Data supplied:

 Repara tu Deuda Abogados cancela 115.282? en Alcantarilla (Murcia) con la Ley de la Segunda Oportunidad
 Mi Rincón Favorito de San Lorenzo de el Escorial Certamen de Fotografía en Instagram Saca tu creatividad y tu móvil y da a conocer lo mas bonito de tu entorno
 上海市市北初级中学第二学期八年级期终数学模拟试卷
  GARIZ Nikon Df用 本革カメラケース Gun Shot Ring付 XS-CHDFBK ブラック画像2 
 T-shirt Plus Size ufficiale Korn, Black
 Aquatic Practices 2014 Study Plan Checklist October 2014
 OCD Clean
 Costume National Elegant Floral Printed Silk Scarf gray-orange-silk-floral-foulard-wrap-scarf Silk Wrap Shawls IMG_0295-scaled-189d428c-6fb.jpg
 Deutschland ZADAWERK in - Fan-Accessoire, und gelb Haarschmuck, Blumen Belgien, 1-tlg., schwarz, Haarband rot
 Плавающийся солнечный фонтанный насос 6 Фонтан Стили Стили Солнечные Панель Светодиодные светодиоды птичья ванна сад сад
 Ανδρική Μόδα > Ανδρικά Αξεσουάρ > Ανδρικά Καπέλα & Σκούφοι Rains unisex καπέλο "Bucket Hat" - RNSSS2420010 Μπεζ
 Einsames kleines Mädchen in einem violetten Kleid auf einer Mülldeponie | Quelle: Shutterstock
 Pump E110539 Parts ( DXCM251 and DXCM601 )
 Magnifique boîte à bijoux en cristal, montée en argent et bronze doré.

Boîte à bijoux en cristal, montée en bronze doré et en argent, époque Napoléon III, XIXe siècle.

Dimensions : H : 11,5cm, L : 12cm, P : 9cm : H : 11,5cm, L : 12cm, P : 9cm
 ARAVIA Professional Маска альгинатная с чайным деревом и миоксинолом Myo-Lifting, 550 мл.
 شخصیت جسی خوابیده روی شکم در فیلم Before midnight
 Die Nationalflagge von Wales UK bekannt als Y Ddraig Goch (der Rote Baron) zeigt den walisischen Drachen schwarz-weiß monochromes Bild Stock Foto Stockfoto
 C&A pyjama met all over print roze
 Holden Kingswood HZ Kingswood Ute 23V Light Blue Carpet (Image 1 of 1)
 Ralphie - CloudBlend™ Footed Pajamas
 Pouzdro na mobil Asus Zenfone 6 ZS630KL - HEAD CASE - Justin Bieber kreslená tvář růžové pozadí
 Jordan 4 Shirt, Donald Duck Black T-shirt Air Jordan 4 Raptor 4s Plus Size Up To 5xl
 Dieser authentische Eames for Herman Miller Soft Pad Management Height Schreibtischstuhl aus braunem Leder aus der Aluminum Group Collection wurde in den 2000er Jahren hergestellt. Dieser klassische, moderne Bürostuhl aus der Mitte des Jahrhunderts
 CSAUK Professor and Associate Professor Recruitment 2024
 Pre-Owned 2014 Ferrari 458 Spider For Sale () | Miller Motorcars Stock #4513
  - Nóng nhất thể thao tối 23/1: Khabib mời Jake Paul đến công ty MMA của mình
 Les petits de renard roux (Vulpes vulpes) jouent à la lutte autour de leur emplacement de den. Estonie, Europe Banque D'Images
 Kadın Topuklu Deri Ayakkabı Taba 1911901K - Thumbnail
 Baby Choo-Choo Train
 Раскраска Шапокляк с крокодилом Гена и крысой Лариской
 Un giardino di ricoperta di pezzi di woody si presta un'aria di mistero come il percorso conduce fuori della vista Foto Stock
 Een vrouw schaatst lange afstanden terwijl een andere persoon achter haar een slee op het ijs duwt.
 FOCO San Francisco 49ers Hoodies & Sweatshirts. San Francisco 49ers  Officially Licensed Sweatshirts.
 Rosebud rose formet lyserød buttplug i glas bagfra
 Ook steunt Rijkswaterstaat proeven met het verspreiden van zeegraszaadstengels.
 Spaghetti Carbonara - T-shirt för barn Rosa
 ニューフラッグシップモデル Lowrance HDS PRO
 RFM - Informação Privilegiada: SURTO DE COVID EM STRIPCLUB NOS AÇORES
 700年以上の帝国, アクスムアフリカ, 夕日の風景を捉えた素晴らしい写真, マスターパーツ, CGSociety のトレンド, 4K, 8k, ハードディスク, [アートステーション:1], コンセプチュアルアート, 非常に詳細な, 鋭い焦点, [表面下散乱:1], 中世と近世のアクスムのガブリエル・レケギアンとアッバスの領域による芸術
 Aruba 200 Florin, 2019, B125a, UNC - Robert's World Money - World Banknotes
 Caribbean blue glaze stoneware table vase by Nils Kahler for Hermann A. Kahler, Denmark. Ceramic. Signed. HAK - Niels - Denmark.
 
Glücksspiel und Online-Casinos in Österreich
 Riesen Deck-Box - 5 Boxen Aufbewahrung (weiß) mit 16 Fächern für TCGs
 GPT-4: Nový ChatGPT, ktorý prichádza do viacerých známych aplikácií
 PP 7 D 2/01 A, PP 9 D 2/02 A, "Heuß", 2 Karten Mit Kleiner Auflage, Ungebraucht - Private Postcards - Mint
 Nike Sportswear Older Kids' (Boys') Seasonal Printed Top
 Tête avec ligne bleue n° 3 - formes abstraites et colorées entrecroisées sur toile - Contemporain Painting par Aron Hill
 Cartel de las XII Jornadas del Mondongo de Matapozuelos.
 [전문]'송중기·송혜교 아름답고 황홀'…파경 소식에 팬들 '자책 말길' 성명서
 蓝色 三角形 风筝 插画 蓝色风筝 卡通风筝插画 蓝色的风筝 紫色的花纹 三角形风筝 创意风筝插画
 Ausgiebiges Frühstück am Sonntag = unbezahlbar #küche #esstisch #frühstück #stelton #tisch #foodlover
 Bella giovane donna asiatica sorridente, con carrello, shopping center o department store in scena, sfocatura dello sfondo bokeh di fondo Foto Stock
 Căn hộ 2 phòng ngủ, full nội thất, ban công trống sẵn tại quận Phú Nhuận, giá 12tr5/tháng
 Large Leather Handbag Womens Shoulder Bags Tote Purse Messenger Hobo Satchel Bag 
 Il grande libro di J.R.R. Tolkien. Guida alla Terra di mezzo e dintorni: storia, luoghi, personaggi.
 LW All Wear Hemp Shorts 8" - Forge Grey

Exercise brief:
Where does the word "Size" appear in the records? Copy every line that holds it.

Final answer:
 T-shirt Plus Size ufficiale Korn, Black
 Jordan 4 Shirt, Donald Duck Black T-shirt Air Jordan 4 Raptor 4s Plus Size Up To 5xl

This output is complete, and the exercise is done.